The first thing that strikes the student in attempting to classify the numerous examples of Roman architecture is the immense variety of purposes to which it is applied, as compared with previous styles. In Egypt architecture was applied only to temples, palaces and tombs. In Greece it was almost wholly confined to temples and theatres; and in Etruria to tombs. It is in Rome that we first feel that we have not to deal with either a Theocracy or a kingdom, but with a great people, who for the first time in the world’s history rendered architecture subservient to the myriad wants of the many-headed monster. It thus happens that in the Roman cities, in addition to temples we find basilicas, theatres and amphitheatres, baths, palaces, tombs, arches of triumph and pillars of victory, gates, bridges, and aqueducts, all equally objects of architectural skill. The best of these, in fact, are those which from previous neglect in other countries are here stamped with originality. These would have been noble works indeed had it not been that the Romans unsuccessfully applied to them those orders and details of architecture which were intended only to be applied to temples by other nations.
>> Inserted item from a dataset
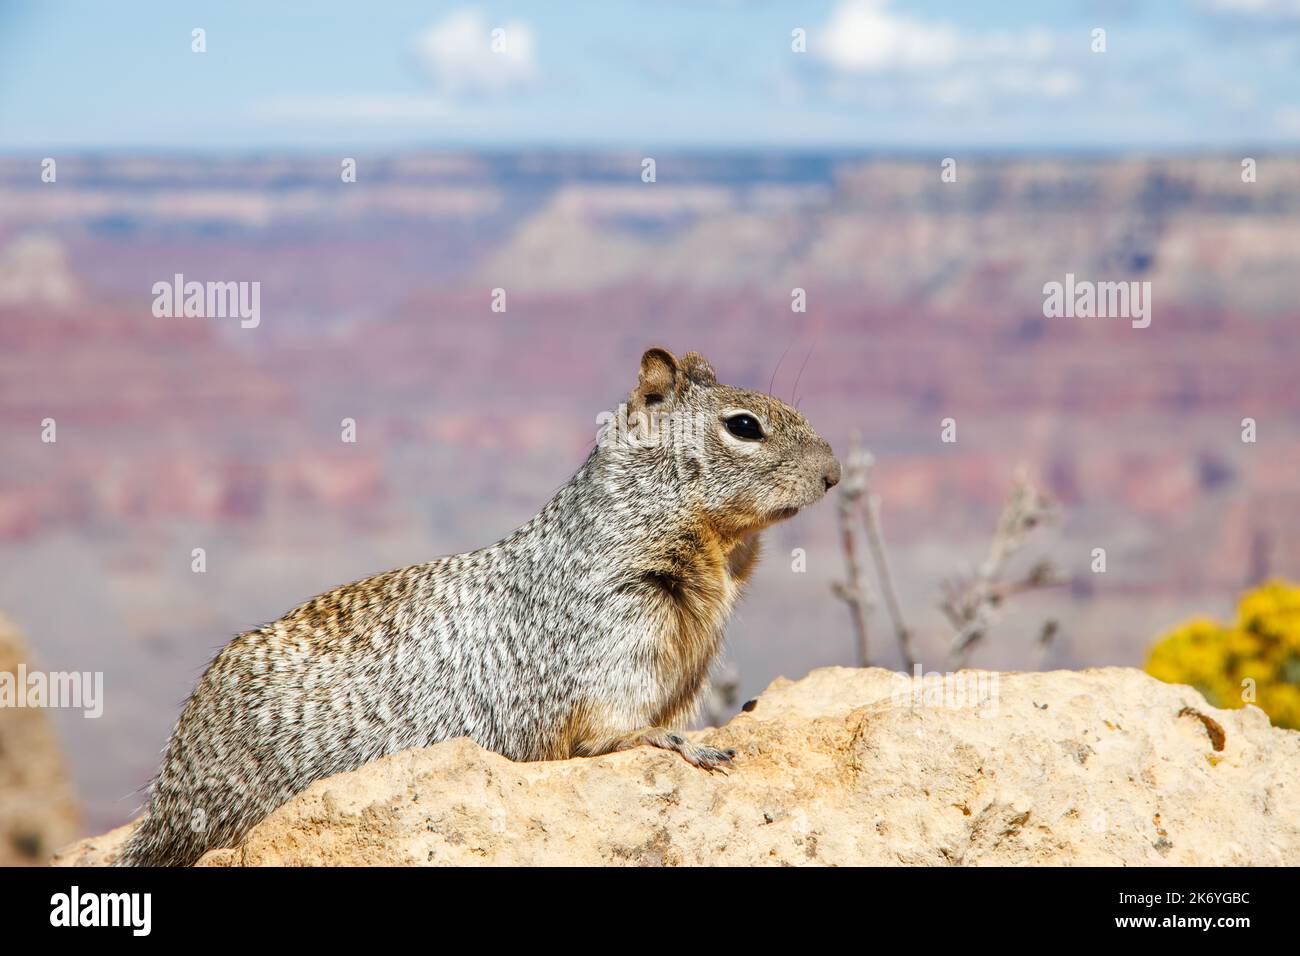 Écureuil sur le rocher dans le parc national du Grand Canyon en Arizona. Faune du Gran Canyon. Rive sud du Grand Canyon Banque D'Images

In the time of Constantine these orders had nearly died out, and were only subordinately used for decorative purposes. In a little while they would have died out altogether, and the Roman would have become a new and complete style; but, as before remarked, this did not take place, and the most ancient orders therefore still remain an essential part of Roman art. We find the old orders predominating in the age of Augustus, and see them gradually die out as we approach that of Constantine.